A compressed work schedule allows an employee to work a full-time schedule in fewer than five workdays each week. For instance, the employee could work four 10-hour days and have three days off. Another possible option is working 80 hours in nine days and having the rest of the two weeks off. These schedules have several advantages for both the employers and employees.
Extra Free Time
A four-day work week gives the employee an extra day each week, and an extra 52 days each year, to handle responsibilities outside of the workplace and to have more personal time. This can allow the employee to be more focused during his scheduled work time, according to Duke University Human Resources.
A compressed work week can lead to lower absenteeism rates because it gives employees more time to go to appointments and fulfill other obligations, according to Global Ideas Bank. When the state of Utah changed most government workers' schedules to a four-day work week, employees took fewer sick days and also said they exercised more on Fridays, according to an article published in the September 7, 2009, issue of TIME magazine.
Because many employees prefer schedule flexibility, a compressed work week can raise their job satisfaction, according to the Victoria Transit Policy Institute (VTPI). This can lead to better employee productivity, cooperation and retention.
People who commute save time with a compressed work week, whether they drive or use mass transit. Utah determined that after one year, its compressed work week resulted not only in a 13 percent decrease in energy use by the state, but estimated that workers saved up to $6 million in gasoline usage. Schedules involved in a compressed work week also directly decrease peak period traffic congestion, according to the VTPI. Additionally, these schedules reduce total vehicle travel, which leads to a reduction in exhaust emissions.

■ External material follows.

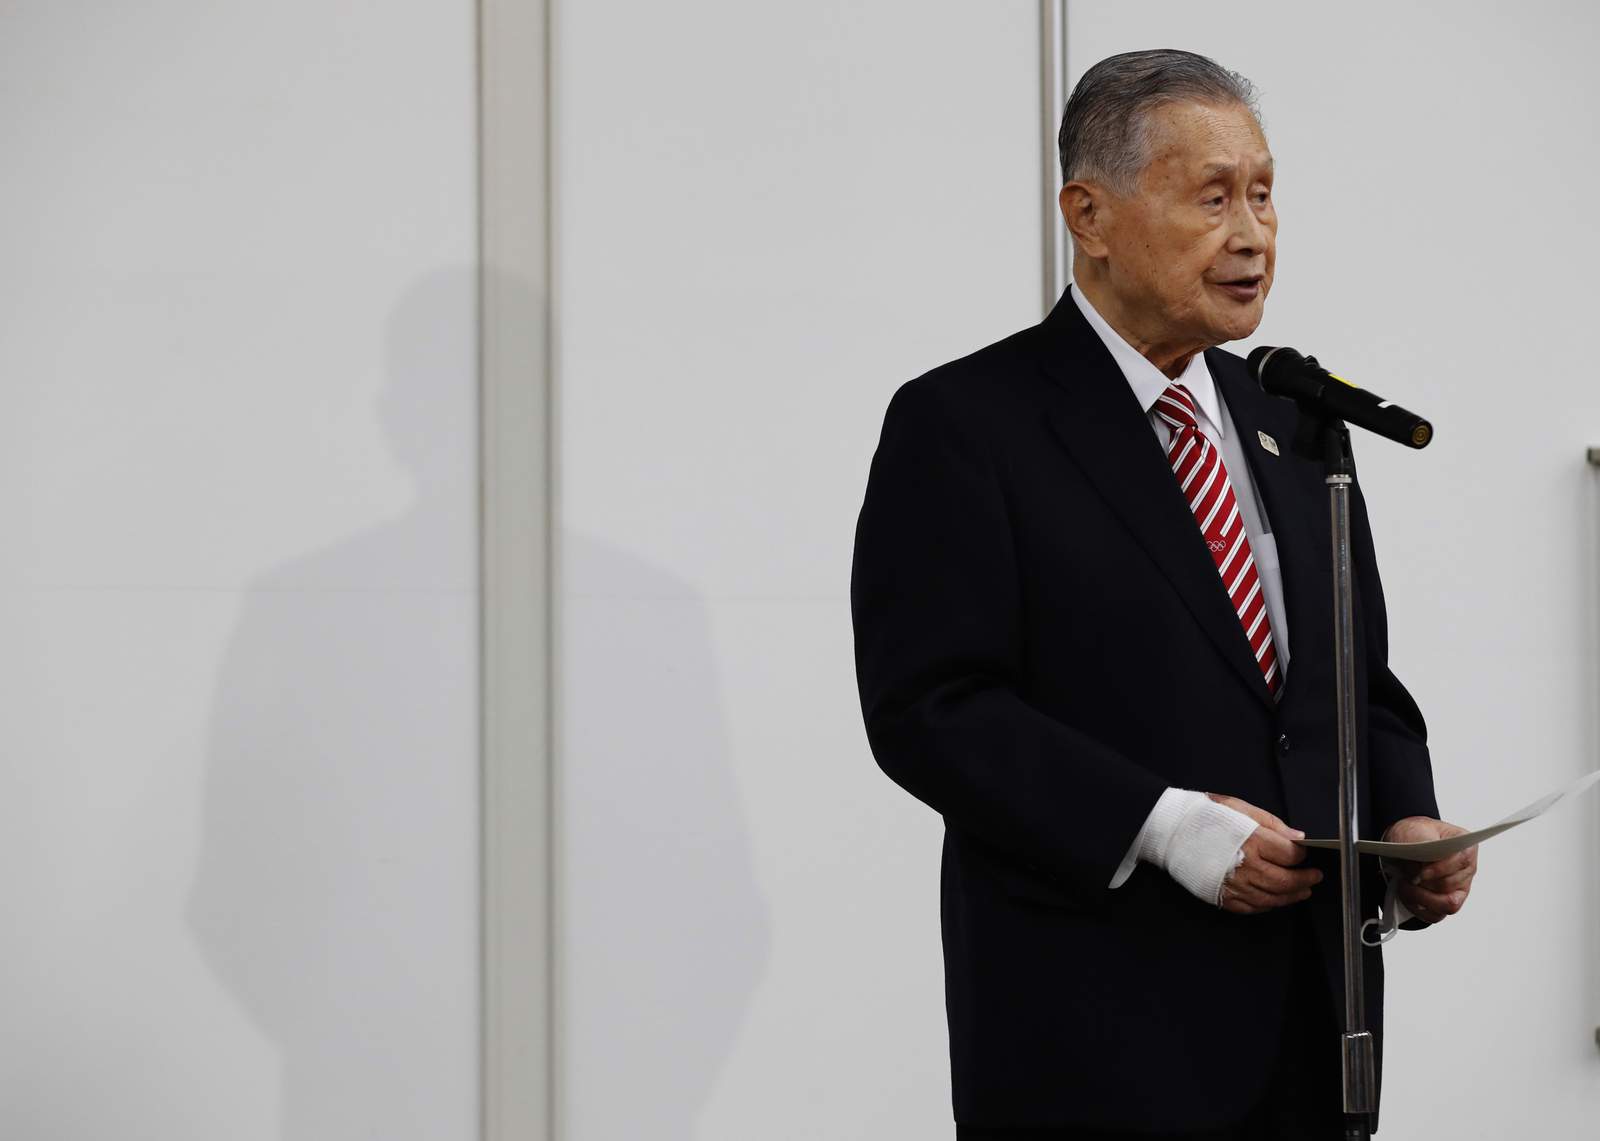 Reports: Mori to resign Tokyo Olympics over sexist remarks

Employees working a compressed work week can extend hours of service to both customers and associates, according to Duke University Human Resources. Although government offices in Utah began closing on Fridays, their offices actually became more accessible to people by staying open for more hours Monday through Thursday. TIME reported that lines at the Utah department of motor vehicles became shorter once the compressed work week was implemented.